On foreign policy, Biden has moved to re-establish a more traditional, alliance-based approach to the world. In Europe, he has re-engaged with NATO and halted the Trump-initiated withdrawal of US troops from Germany, declaring that “America is back, the trans-Atlantic alliance is back”.
On China, Biden has shown no sign of retreating from the tough policies of the Trump administration. He has refused calls to remove Trump’s tariffs and has rebuked Beijing publicly for its unfair trade practices.
“We have to push back against the Chinese government’s economic abuses and coercion that undercut the foundations of the international economic system. Everyone, everyone must play by the same rules,” he says.
Biden has taken a tougher stance towards Russia than Trump did, accusing Moscow of attacking American democracy and “weaponising corruption to undermine our system of governance”. He has imposed sanctions on Russia over its jailing of activist Alexei Navalny.
With Australia, the tone of the relationship with the Biden administration has started well, with the President telling Scott Morrison during their first phone call that he saw the US-Australia alliance as the “anchor of peace and security in the region”.

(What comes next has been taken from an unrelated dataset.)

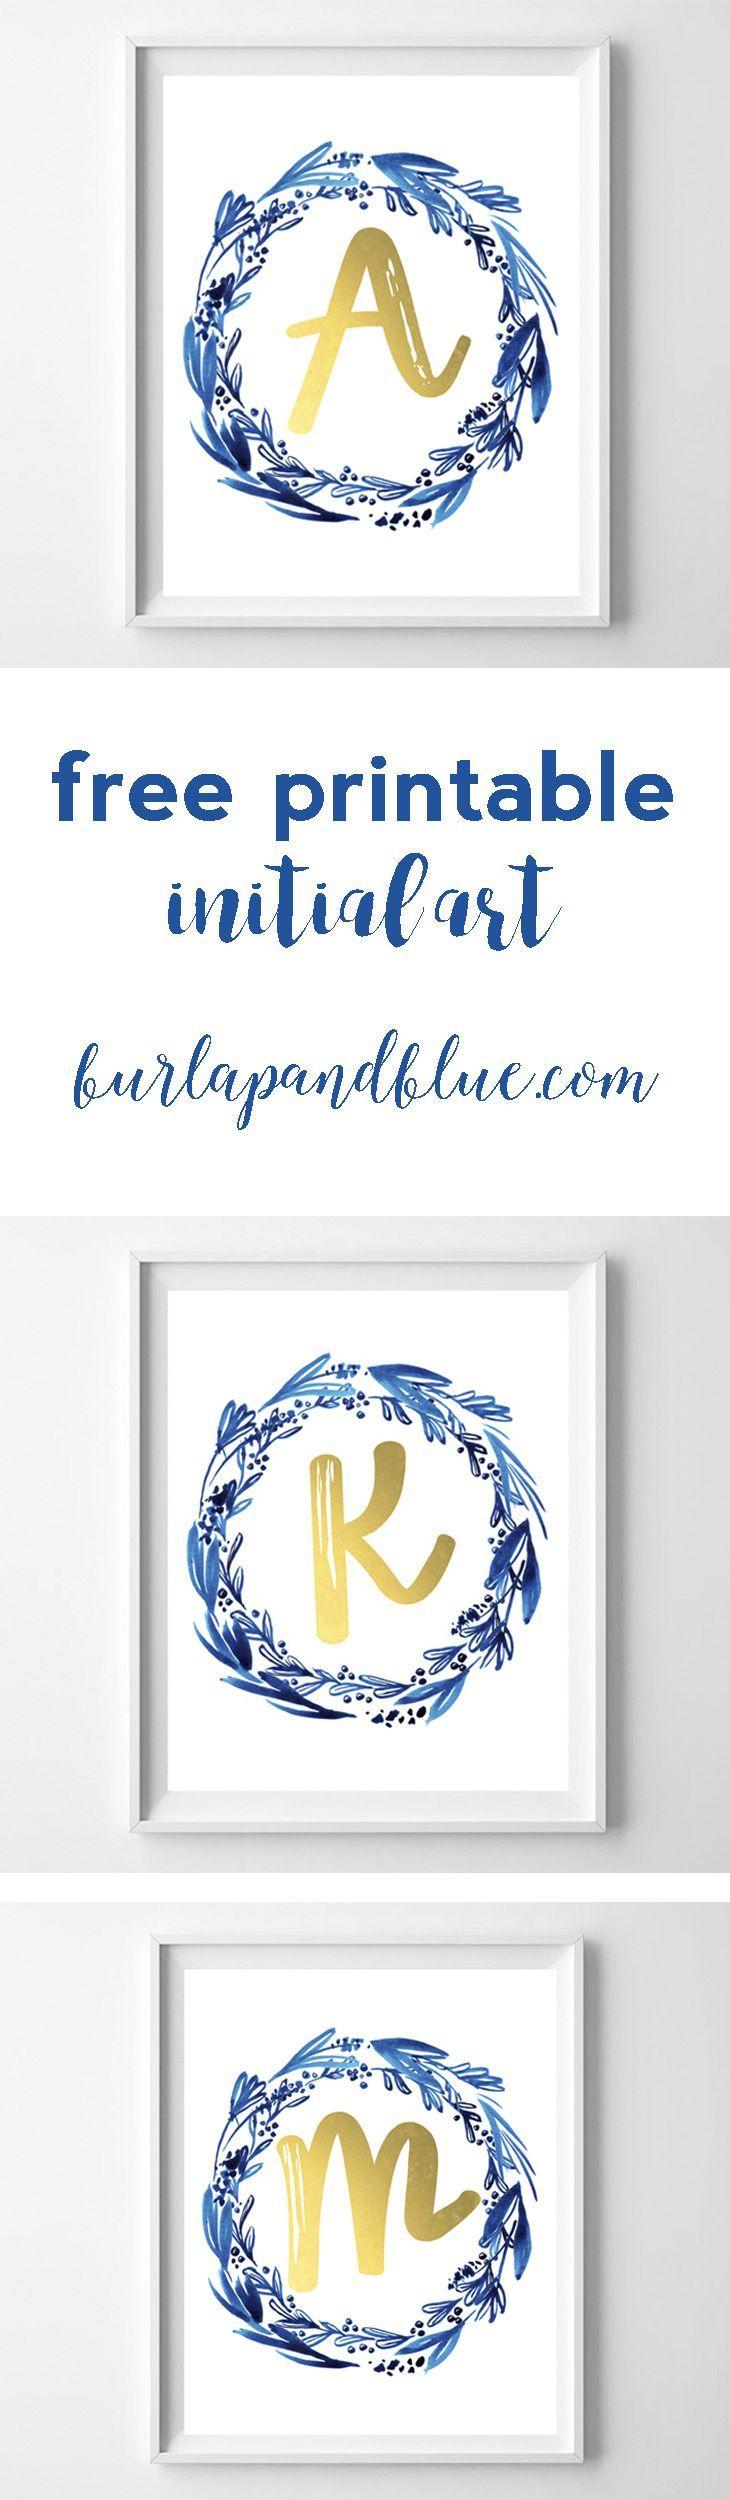 Printable Room Decor Best 25 Blue Room Decor Ideas On Pinterest Small Office Spaces

Biden’s earliest foreign policy challenge will be Iran which is demanding relief from Trump’s economic sanctions as a precondition for starting talks with the US over reviving the 2015 nuclear deal.
So far, Biden has not faced any new crisis in foreign or domestic policy that has severely tested his leadership. However his post-inauguration political honeymoon is already fading. The latest Monmouth poll shows that, since taking office, his approval rating has slipped from 54 per cent to 51 per cent and his disapproval rating has risen from 30 per cent to 42 per cent. Even so, this still makes Biden far more popular than Trump was at any time during his four years in office.
It shows most Americans have welcomed the change in pace, substance and tone that Biden has brought to the White House after the turbulence of the past four years. Biden has made a competent if unspectacular start to his presidency, a far cry from the volcanic debut of his predecessor.
On a personal note, this is my final feature as Washington correspondent. After writing a “Farewell to Washington” piece in January, my family, like many Australians overseas, struggled to find a flight home because of the restrictions on the numbers of incoming passengers. But we have now returned to Australia. To those who have read and variously praised or criticised my dispatches from Trump’s America during the past four years, thank you for reading. What a story it was.